Ветер пронизывал окна караульного помещения своим зловещим дыханием. Бесстрастные стены старого строения дрожали в такт натиску природы, которая, казалось, налетала на унылое жилье. Внутри караулки, при деревянном столе, сидели еще двое, помимо младшего унтер-офицера - рядовой Банников и ефрейтор Цапля. Младший офицер, всегда закутанный в пелену печали, медлительно перелистывал страницы устава строевой службы, время от времени заглатывая кусочки ржаного хлеба, окутанные грустью. Он жаждал сна, однако себя преодолевал, маскируясь под усиленное изучение военного искусства. Более того, через двадцать минут наступало время для подмены. И плюс ко всему, он боялся уснуть из-за наставника, который каждую минуту мог заглянуть на пост и устроить ему жесткую выволочку или даже послать под арест...

Читать бесплатно онлайн История одного убийства - Александр Грин

I

За окнами караульного помещения бушевал резкий, порывистый ветер, потрясая крышу ветхого здания и нагоняя скучную, зевотную тоску. В самой караулке, у деревянного крашеного стола, кроме разводящего, сидели еще двое: рядовой Банников и ефрейтор Цапля. Разводящий, младший унтер-офицер, сумрачный, всегда печальный человек, лениво перелистывал устав строевой службы, время от времени кусая краюху ржаного хлеба, лежавшую на столе. Ему смертельно хотелось спать, но он пересиливал себя и притворялся погруженным в изучение воинской премудрости. К тому же минут через двадцать надо было вести смену. А кроме этого, он не решался вздремнуть из боязни караульного офицера, который каждую минуту мог заглянуть на пост и сделать ему, разводящему, строгий выговор, а то и посадить под арест. И хотя он завидовал часовым, имеющим возможность через каждые два часа стояния на посту спать целых четыре, но сознание своего служебного положения и превосходства заставляло его еще шире раскрывать сонные глаза и усиленно шевелить губами, запоминая непреложные догматы строевой дисциплины.
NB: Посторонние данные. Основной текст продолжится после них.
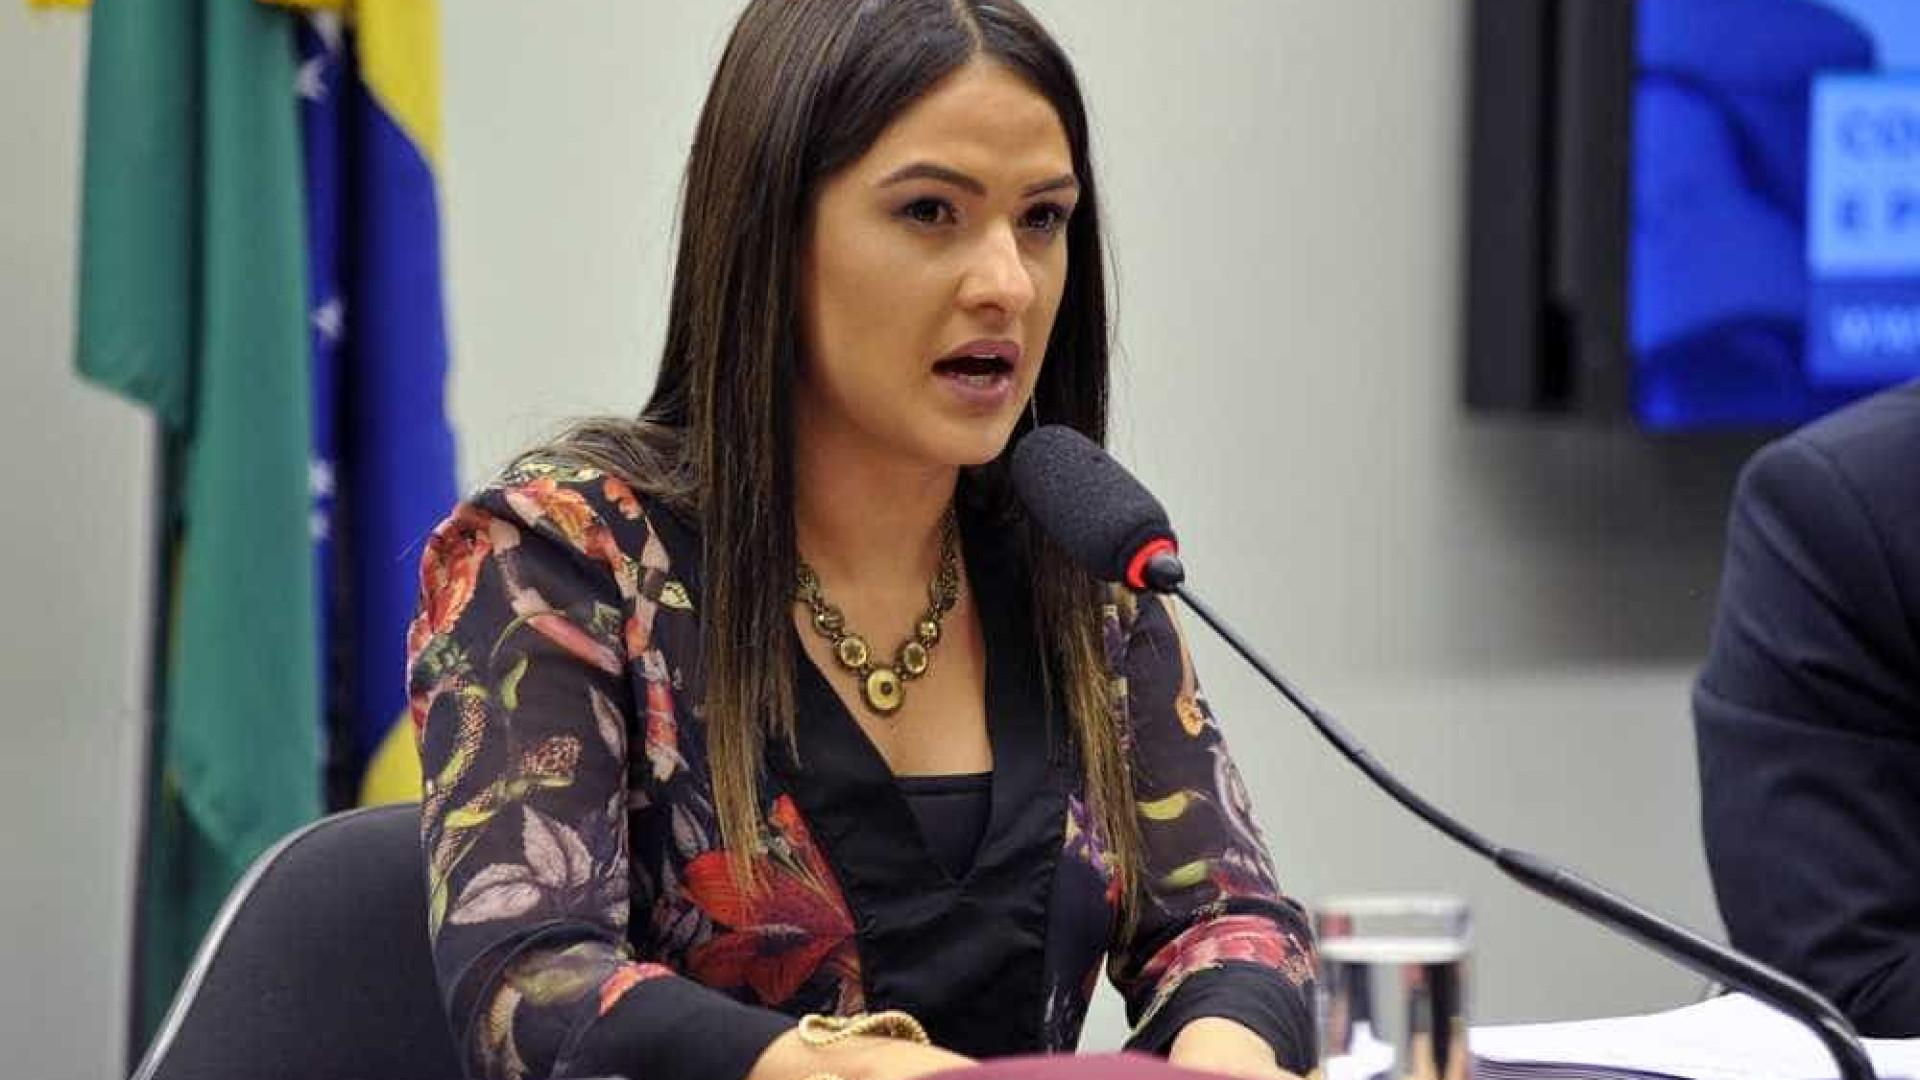 Bruna Furlan critica Bolsonaro: 'Quanto mais decorativo melhor'

Цапля взял листик махорочной бумаги и, вытащив из штанов огрызок карандаша, при свете жестяной лампы нарисовал, помогая себе языком и бровями, подобие порохового погреба и маленькую фигурку часового. Часовой вышел кривым на один глаз и безногим, так что казалось, будто он стоит по колена в земле, но Цапля, тем не менее, остался весьма доволен рисунком. Он прищурился, захохотал, отчего вздрогнули его полные, мясистые щеки, потом сказал, протягивая бумажку Банникову:

– Смотри, Машка, – это кто?

Банников всегда служил предметом насмешек Цапли и теперь не сомневался, что ефрейтор изобразил его, Банникова, но не обиделся, желая угодить начальству, и сказал, ласково улыбаясь глазами, нежными, как у молодой девушки:

– На кого-то страсть похож. Никак Алехин?

Алехин был солдат, стоявший в это время на часах. Цапля помолчал немного, придумывая, что бы такое сказать поязвительнее Банникову, и вдруг прыснул:

– Это, Машка, ты! Вот ты эдак, расщеперившись, стоишь.

Банников молча улыбнулся, взял нож и отрезал кусок хлеба от каравая.

– Ужин-то не несут, кашицу-то нашу, – сказал он. – Дай-кось хлебца хошь пожую, что-то есть охота.

Разводящий поднял голову. У него было худое, загорелое лицо и маленькие черные усы. Он протянул руку к Цапле и сказал, зевая:

– Покажь!

Цапля подал рисунок унтеру и глупо захохотал.

– Машка, расщеперившись, стоит, – с трудом сказал он сквозь смех. – Не хочет признавать своего патрета.

– Вовсе не похож, – сказал разводящий. – Банников – парнишка румяный, как яблочко, а ты огородную чучелу изобразил.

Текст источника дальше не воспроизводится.